To recap, each thread repeatedly acquires the next pixel location to compute from shared memory, writing the result to the same shared memory. Each thread terminates when there are no more pixels to compute, resulting in a classic mandelbrot:

So, just how fast is this approach?

On my machine, which has 4 cores, I observed the following:

  • 1 thread - 11 secs
  • 2 threads - 5.7 secs
  • 4 threads - 4.2 secs

A significant speed increase!

Finally, I thought it would be fun to re-render the mandelbrot set, with each pixel coloured based on the thread which computed it.

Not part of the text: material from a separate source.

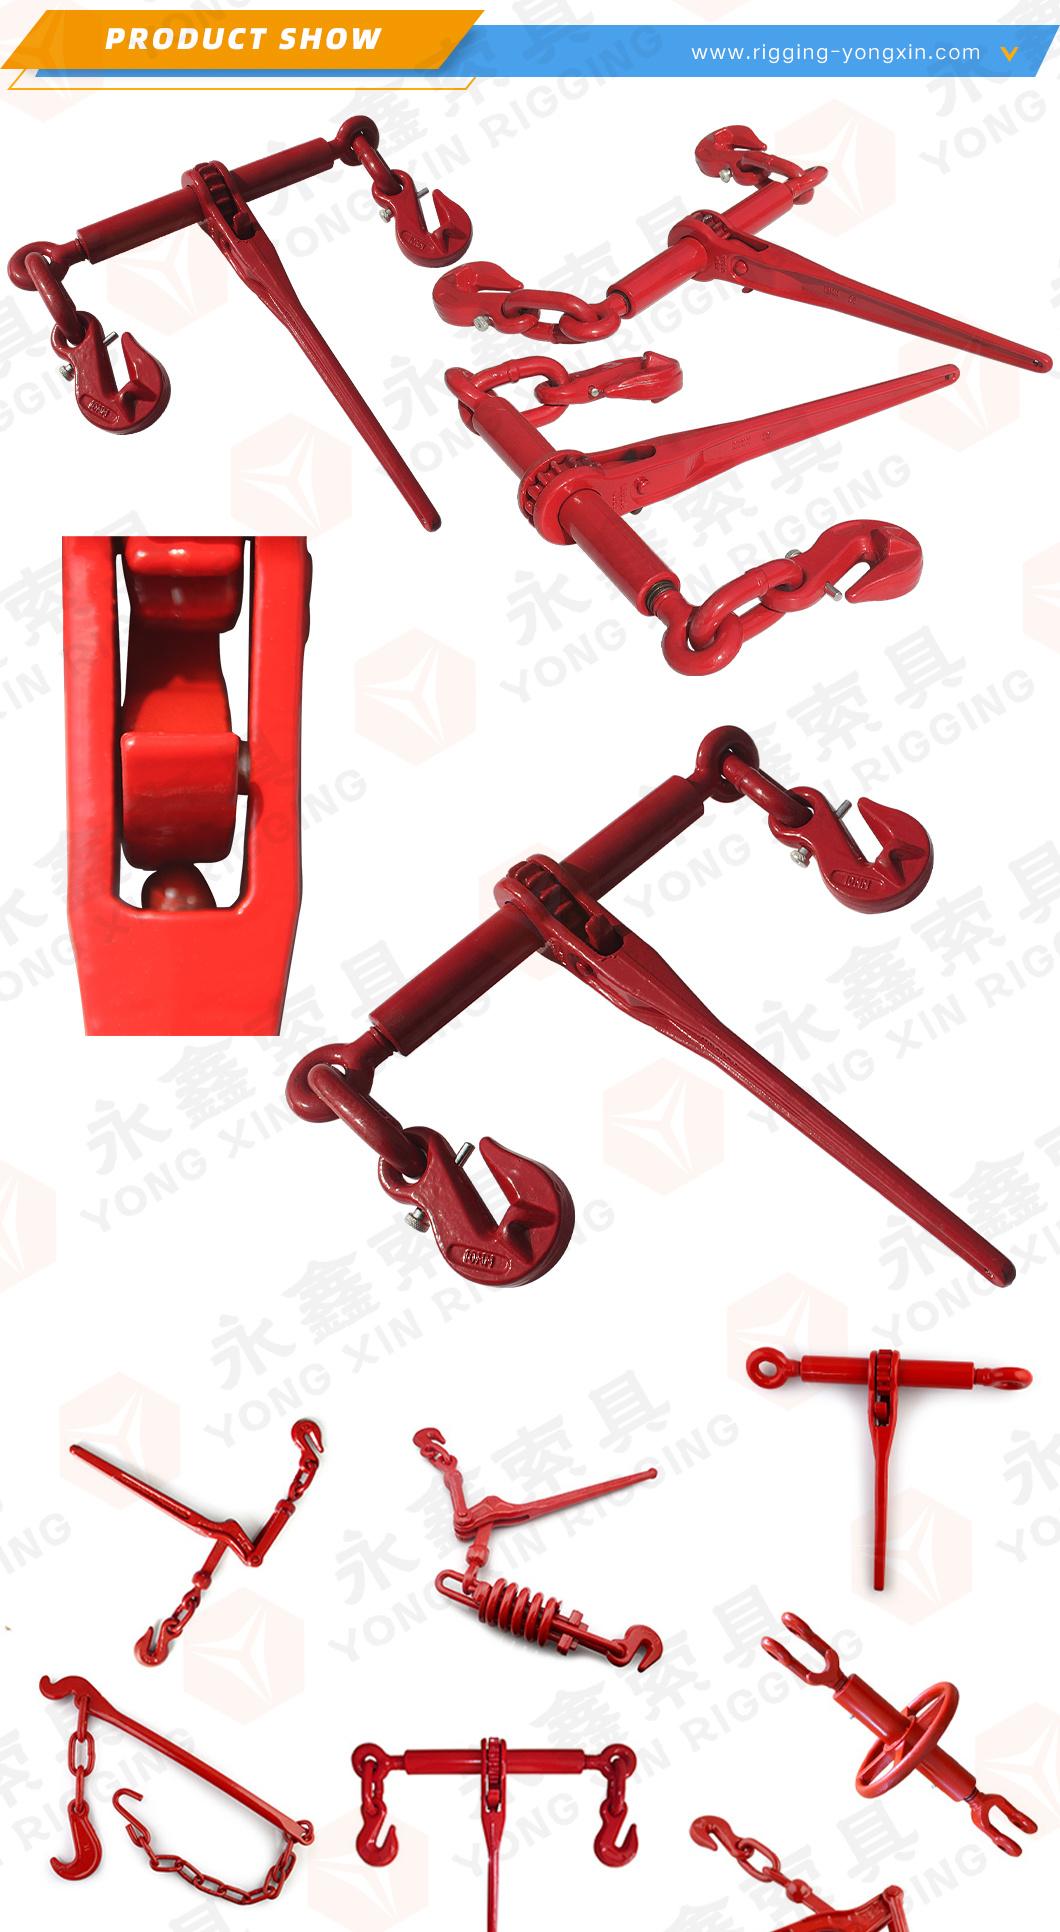 6mm Standard European Ratchet Type Load Binder with Wings Safety Pin Hook

Here’s the full mandelbrot set:

Note, if you’re not familiar with the way the Mandelbrot set works, the colour for each pixel is determined by how many iterations it takes for the underlying equation to ‘escape’. The dark region is where the equation never escapes and iterates infinitely (until an upper bound is reached). For that reason, the dark region takes much more time to compute.

And here it is coloured by thread:

I find this a fascinating picture!

At the top, you can see that the first thread made some significant progress, on some of the simpler parts of the fractal, before the others started working. Following that, you can see regions where threads take it in turns, on a pixel-by-pixel basis. When the rendering reaches the dark region, where the equation iterates infinitely, all four threads take it in turns, until the first one to reach the end, which then races ahead to complete that line - hence the streaked pattern to the right.

Conclusions

WebAssembly threads is a really interesting new feature that brings shared memory, atomic operations, and wait / notify to the language. Unfortunately this feature is somewhat coupled to SharedArrayBuffer, so until the vulnerabilities associated with this feature are resolves (in browsers other than Chrome), it could be a while before we see more widespread use. But when we do, I’m sure we’ll see some quite powerful applications being built in the browser!

If you want to dig into the code (not that there’s much of it), it’s all on GitHub. You can also run the code in your (Chrome) browser.